Figure 58: Wholebrain results when selectively contrasting processing of bonobo and macaque vocalizations against human voices. Enhanced brain activity for bonobo (ab) and macaque (cd) compared to human voice (dark blue to green). ac: left hemisphere; bd: right hemisphere. Brain activations (a-d) are independent of low-level acoustic parameters for all species (fundamental frequency ‘F0’ and mean energy of vocalizations). Data corrected for multiple comparisons using FDR at a threshold of p<.05. Hum: human; Chimp: chimpanzee; Bon: bonobo; Mac: macaque.

5.5.1.2. Model 2: Processing of Correctly Categorized Species trials

We computed the same contrasts of interest as in model 1 and observed the enhancement of similar brain regions as above for chimpanzee vocalizations. Thus, brain activity specific to

the correct categorization of chimpanzee vocalizations ([chimpanzee hits > human hits, bonobo hits, macaque hits]) was enhanced in IFG bilaterally (see Figure 59 ab).

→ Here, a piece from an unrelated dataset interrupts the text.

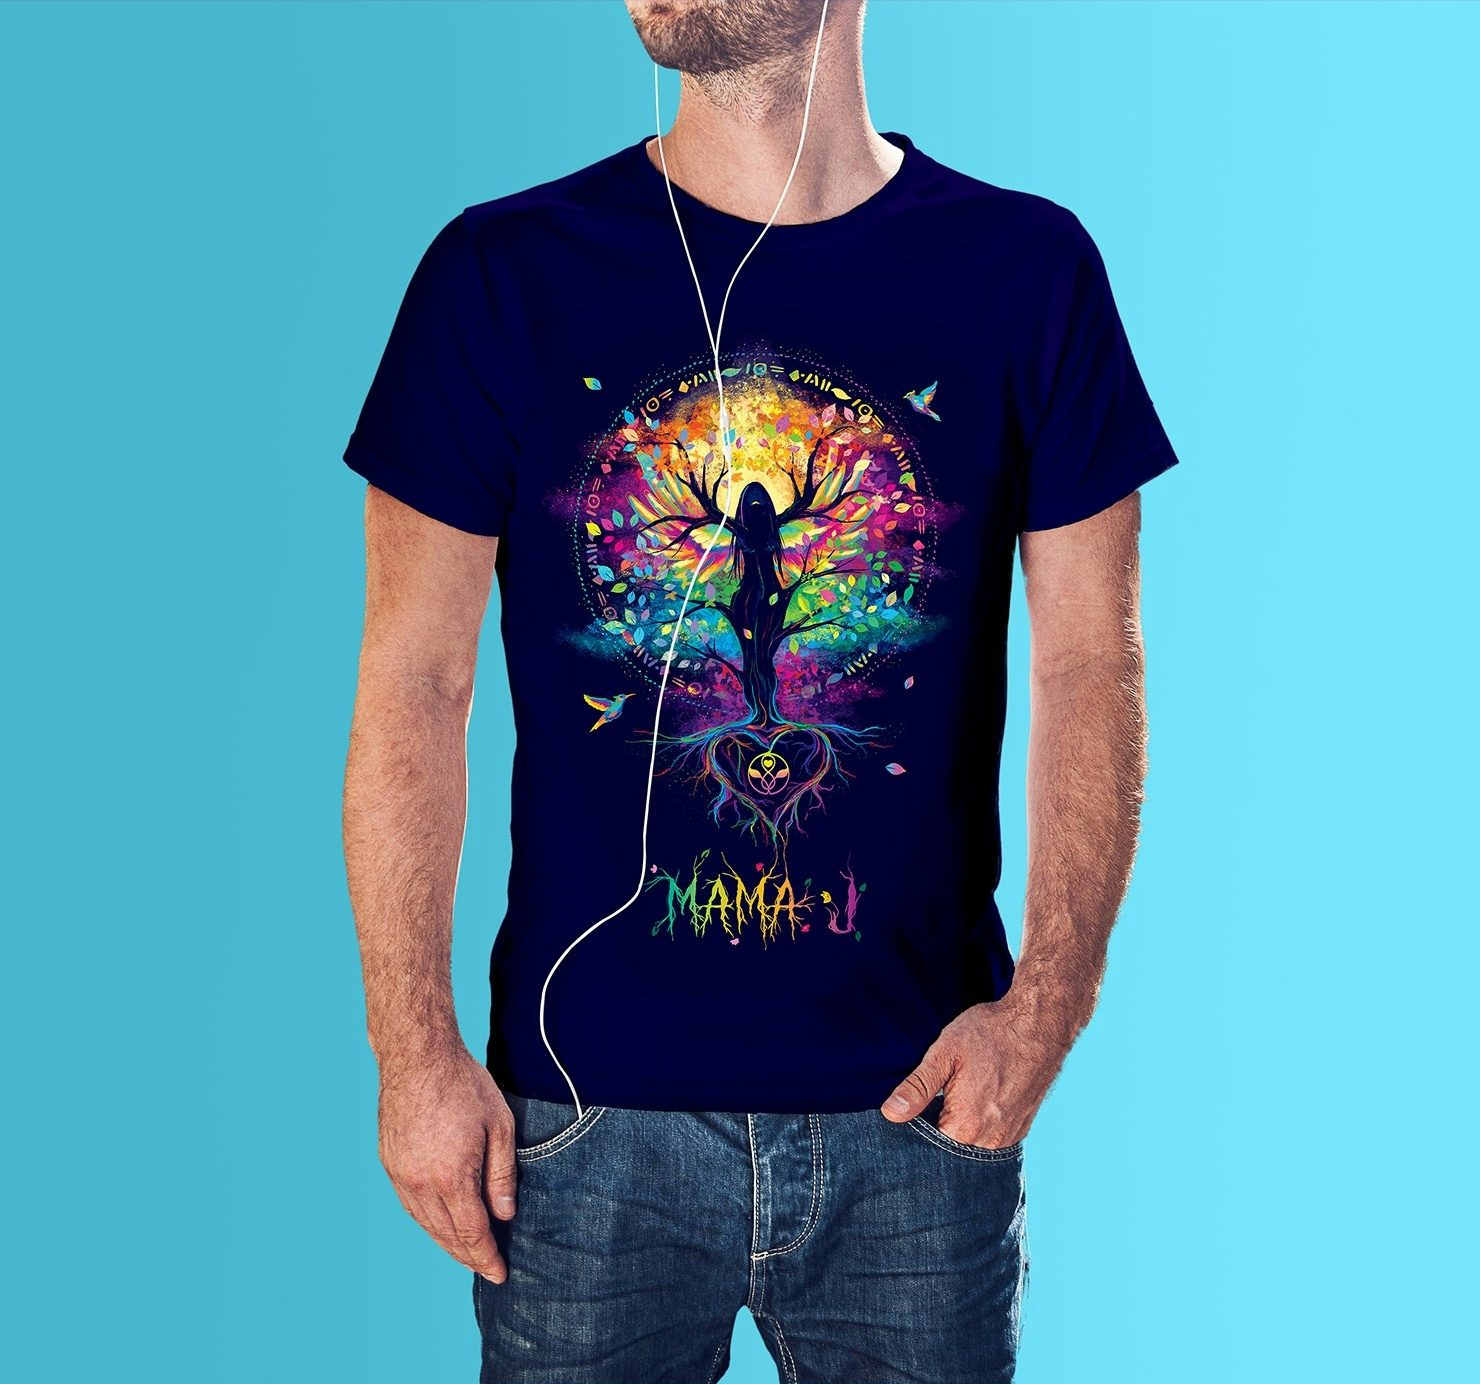 Samarbejde Beregn omhyggeligt The 10 best freelance t-shirt designers for hire in 2023 - 99designs

When directly contrasting hits for chimpanzee vs human vocalizations ([chimpanzee hits > human hits]), activity was enhanced in similar regions as mentioned above in bilateral IFG (see Figure 59 cd). Following this, to the exception of the left pars orbitalis, the recognition of macaque calls [macaque hits > human hits]) also led to an increase of hemodynamic responses as described above in bilateral IFG (see Figure 60 cd). On the contrary, the correct categorization of bonobo vocalizations [bonobo hits > human hits] enhanced bilaterally activity in the pars triangularis only (see Figure 60 ab). As in model 1, we found no significant activity in IFG for the correct recognition of bonobo and macaque vocalizations compared to other species’ vocalizations.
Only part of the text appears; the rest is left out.